But these aren’t Victory Gardens, any more than scattered individual refusals to pay rent constitute a general rent strike that challenges entrenched power. A true Victory Garden push would look like something else. It would channel the idled energy of mass unemployment away from despair and into something productive and hopeful, while also relieving stress and increasing access to high-quality fresh food. It would be unmistakably political, even radical. Scotts Miracle-Gro markets Victory Gardens as a self-affirming individual lifestyle choice. History offers a different model. 

The Victory Gardens of World War II get all the ink, but they weren’t our country’s first attempt to garden our way out of a crisis. One notable experiment took place half a century earlier. After the Panic of 1893, Detroit was locked in the worst economic slump in its history, beset by unemployment and covered in abandoned lots. Surveying the ruins of a boom gone bust, Mayor Hazen Pingree envisioned a blooming city. His “potato patch” program allotted vacant land to families for growing food. 

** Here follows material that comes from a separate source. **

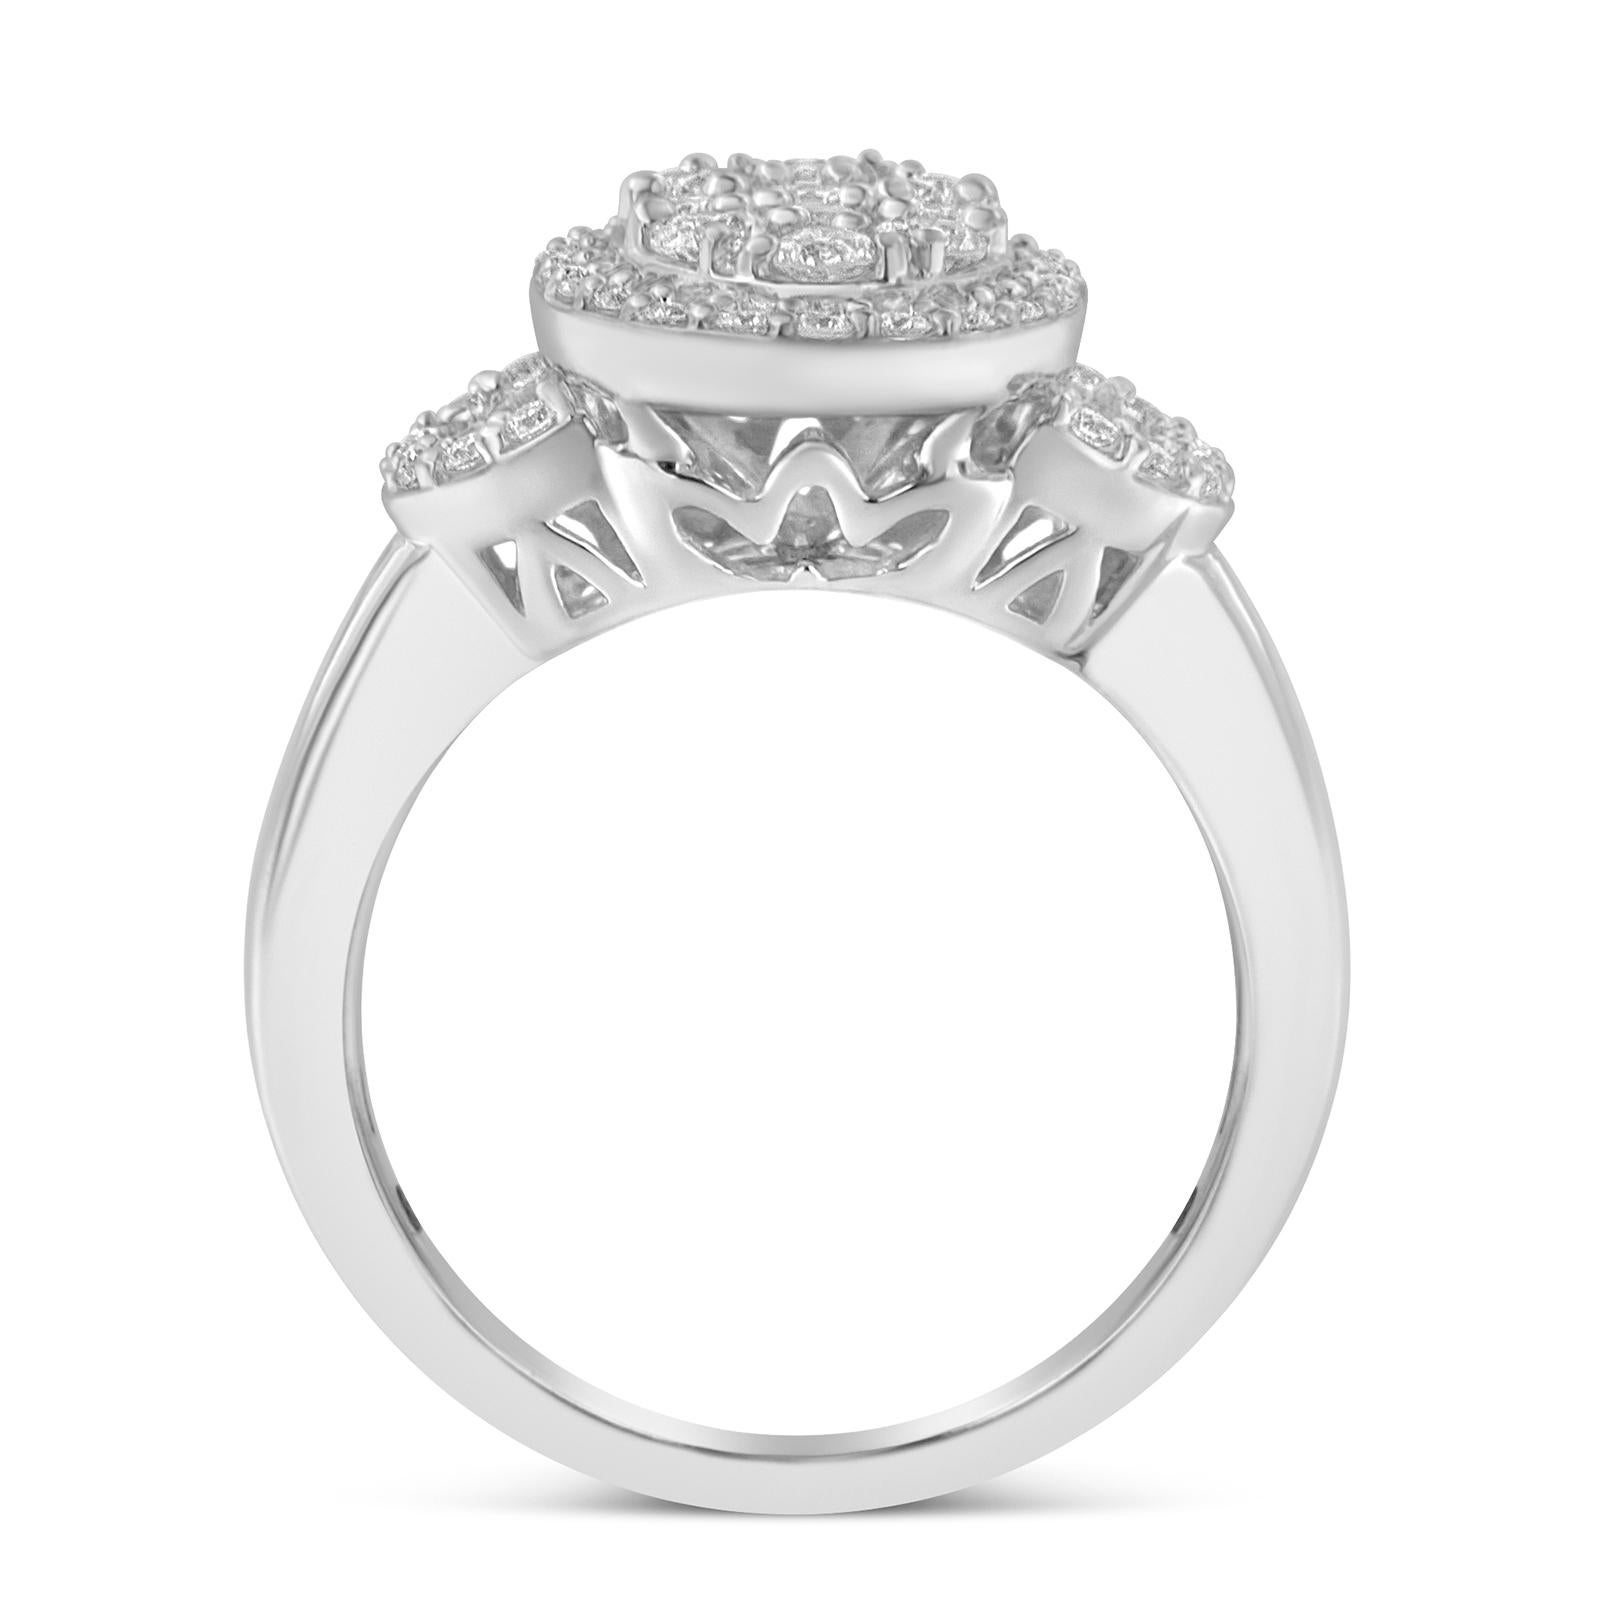 For Sale:  10K White Gold 1.0 Carat Diamond Cluster Ring 2

City elites scoffed at the plan to devote land in a budding modern metropolis to the grubby, backwater activity of food production. But the city’s idled, hungry working class—a quarter of it comprising recent immigrants from Central Europe, including many displaced peasant farmers—rallied behind Pingree’s vision. A blighted landscape turned green and bountiful,  alleviating hunger. By 1896, 1,700 Detroit families managed gardens covering more than 400 acres. The “Detroit Plan,” as it became known, soon took root in similarly devastated metropolises like New York City and Philadelphia. Now largely forgotten, Pingree’s initiative established a pattern that has held ever since: When the going gets tough, Americans turn to gardening for comfort and sustenance.

The first great national gardening mobilization came two decades later, scholar Rose Hayden-Smith writes in her 2014 book Sowing the Seeds of Victory: American Gardening Programs of World War 1. Building on a Progressive Era push to install gardens in public school yards as an educational tool, President Woodrow Wilson tapped the Bureau of Education, with funding from the War Department, to launch the US School Garden Army shortly after sending troops to intervene in the European conflict. “A Garden for Every Child,” its slogan promised. “Every Child in a Garden.”

The School Garden Army was just one of several national programs that “encouraged Americans to express their patriotism by producing and conserving food,” Hayden-Smith adds. Wilson also promoted a civic gardening boom through the Committee on Public Information, which hired writers, artists, scholars, and advertising professionals to create marketing campaigns to promote school, home, and community gardening.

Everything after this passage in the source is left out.